3. Suppose each Friday you roll a single six-sided dice to determine your weekly paycheck. Your pay is $0 if the dice shows a 1, 2, 3, 4, or 5. You get paid $9,000 if the dice shows a 6. Your average salary is ($0 + $0 + $0 + $0 + $0 + $9 000) / 6 = $1,500. The standard deviation is σ = $3,354.10.

4. Finally, suppose each Friday you roll two dice. If the sum is 12 you get paid $54,000. For any other sum of the two dice, you get paid $0. You can do the math or not, but on aver age your pay is $1,500 per week. The standard deviation is σ = $8,874.12.

I would be very uncomfortable having a day job and not knowing come Friday if I will get paid or not. I want to know that fifteen hundred dollars will be in my hand. If I wanted to gamble with the least volatility, then using method 1 would be the choice. If I wanted to gamble on my salary with the greatest volatility, then method 4 would be the choice. Most of us want no variance at all when it comes to our day job. Turning this around, when people play a casino game, they are willing to pay the casino a certain fraction of their wagers in order to get have an experience of variance that suits their comfort level. The product the customer is purchasing is the variance and the adrenaline rush that comes with it. No one would play a zero variance slot where every single time they pulled the handle, they lost 5 cents on their $1 wager. Nor would players enjoy wagering $1 in the machine that says “Change” with its 0% house edge and zero variance. Both of these zero variance games sound pretty dumb. However, players have been knows to play with zero variance on roulette – they play the same wager on all 38 numbers; this scheme loses just over 5 cents for every dollar wagered. Players do this, for example, as a way to earn free drinks or other comps. Likewise, simultaneously playing the Banker and the Player at baccarat, or both the Pass and Don’t Pass wagers in craps are situations with very low volatility: most rounds a specific amount corresponding to the house edge is lost.

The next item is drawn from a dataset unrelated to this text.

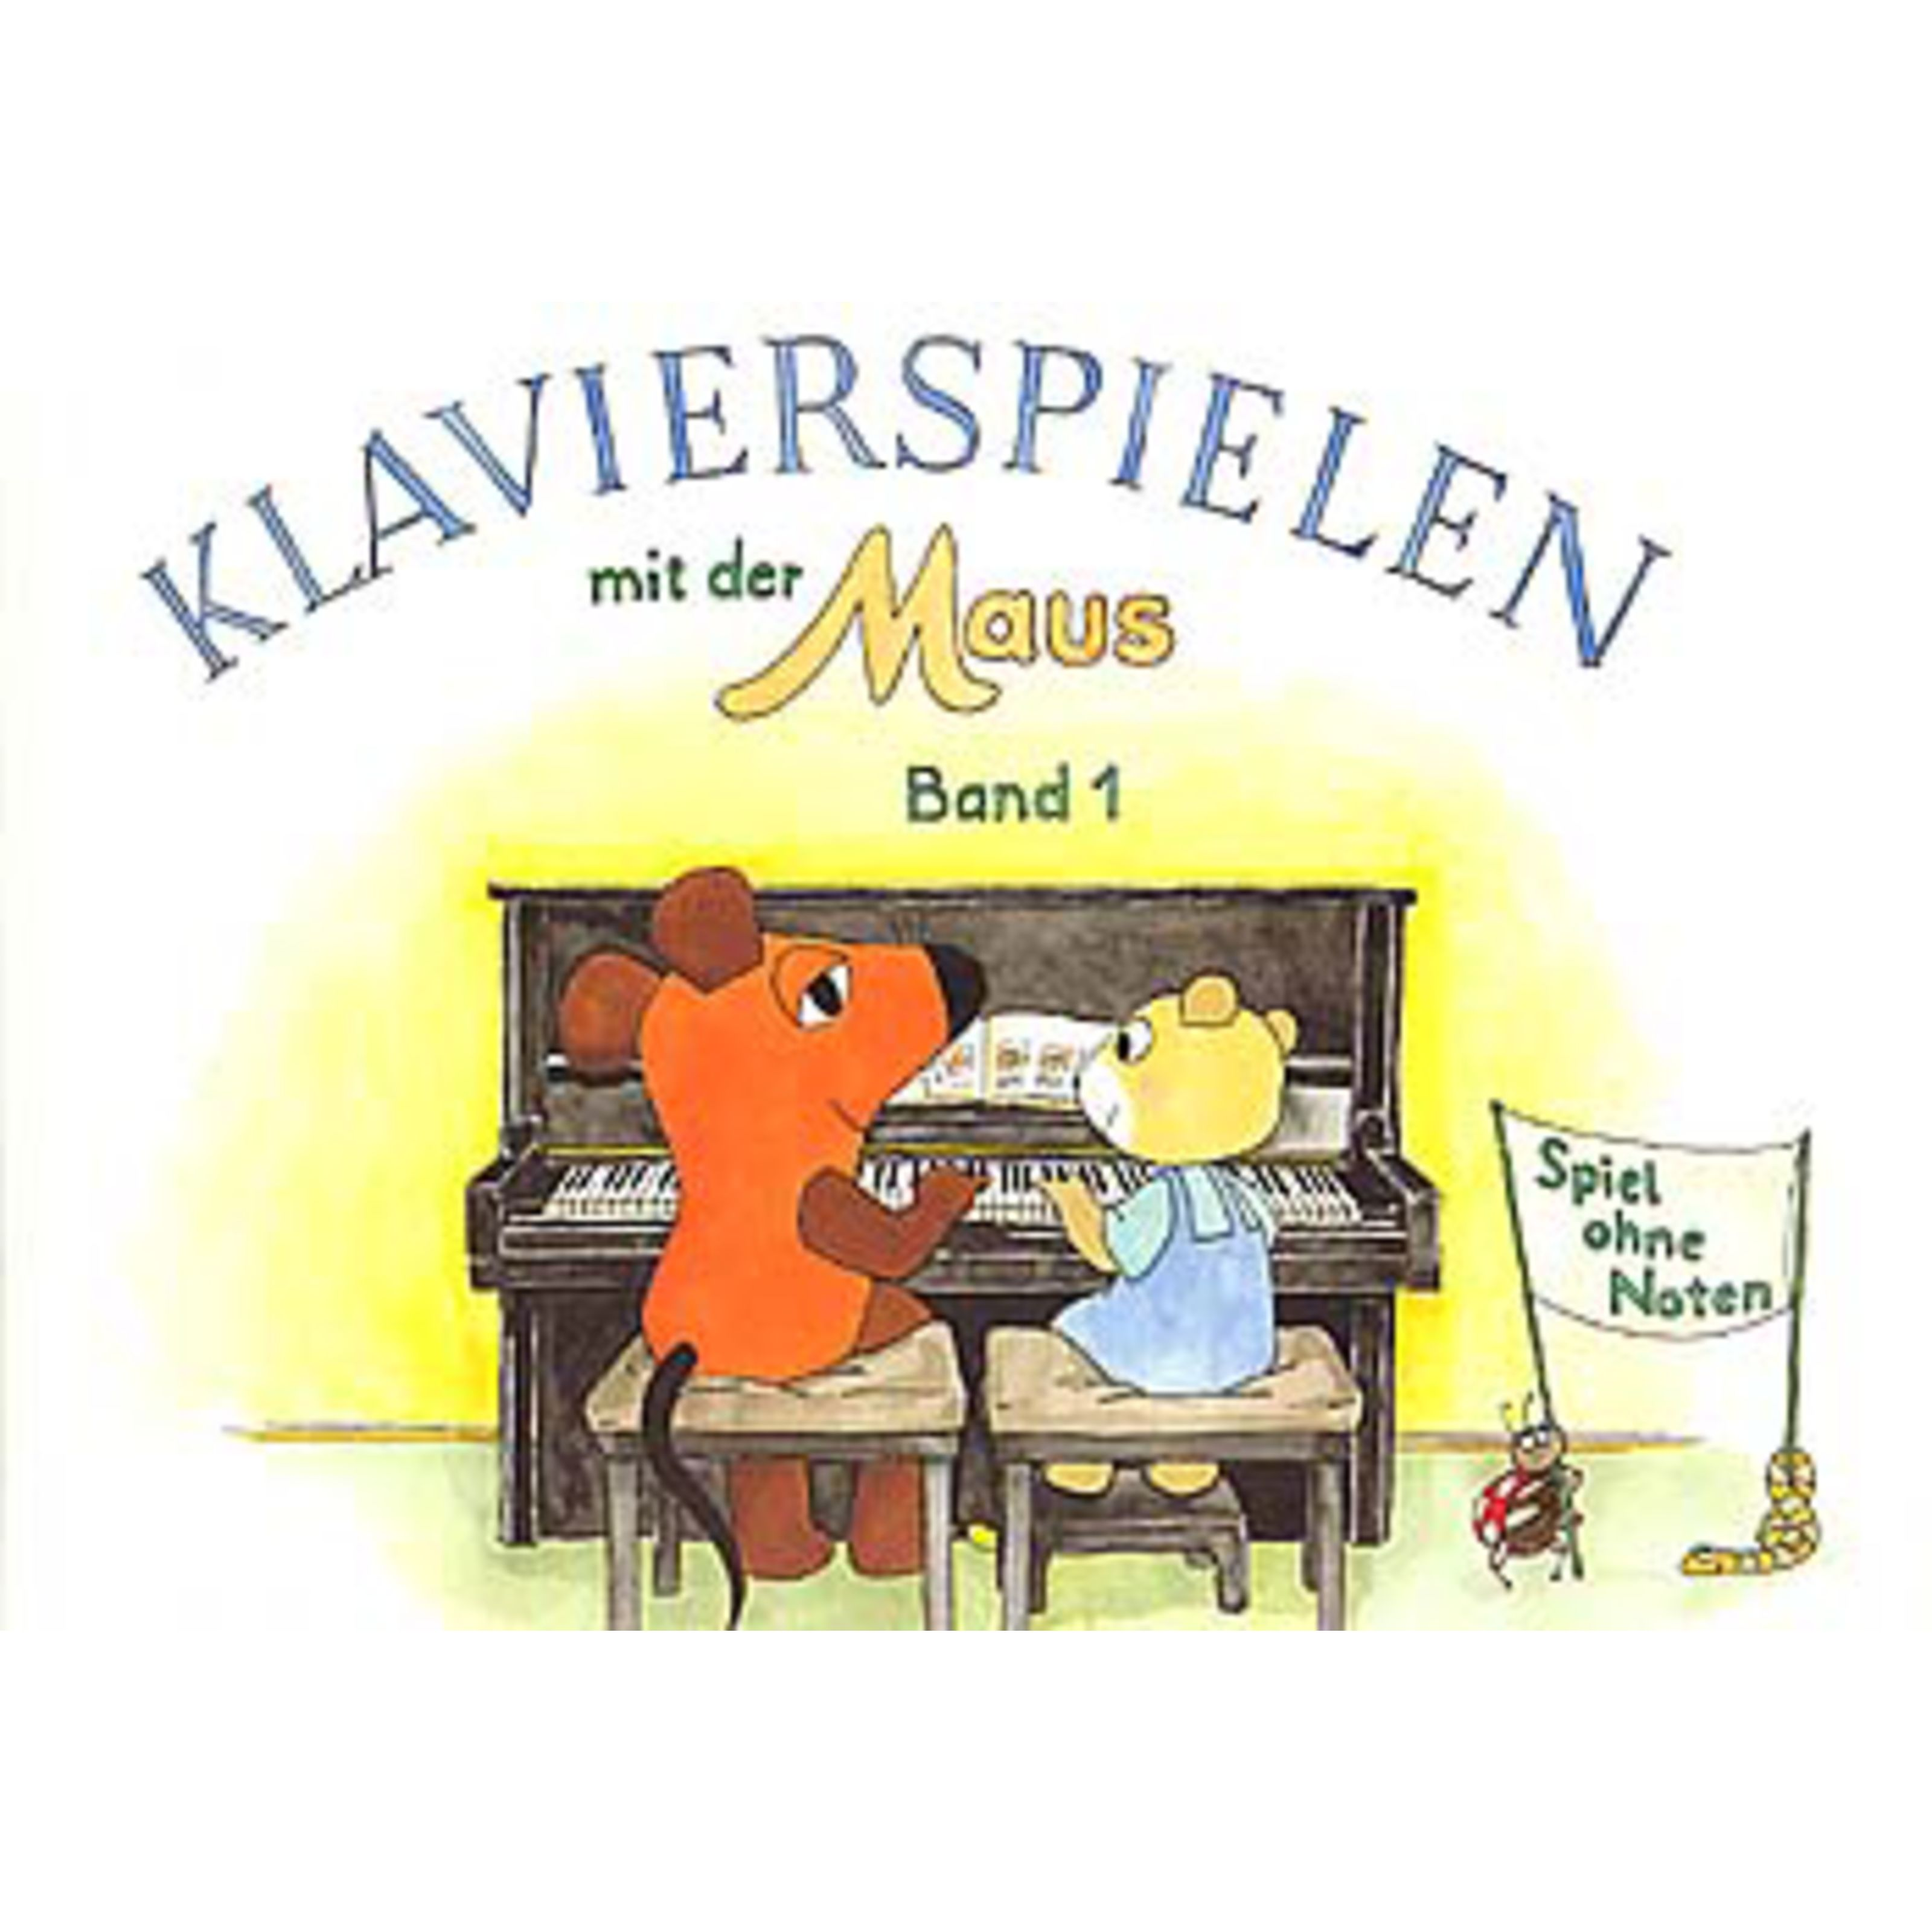 Hans Sikorski - Klavierspielen mit der Maus 1 Schwedhelm-Klavier ohne Noten SIK 1190

LET’S LOOK AT THE STANDARD
DEVIATION FOR THE TWO LOTTERIES.

Deviation Lottery

Lottery 1. For 9 data points, we have a value $100,000 as the data value, and for 999,991 data points we have a value $0 as the data value. The standard deviation is σ = $300.00 (the variance is σ2 = $89,999.19).

Lottery 2. For 900,000 data points, we have a value $1 as the data value, and for 100,000 data points we have a value $0 as the data value. The standard deviation is σ = $0.30 (the variance is σ2 = $0.09).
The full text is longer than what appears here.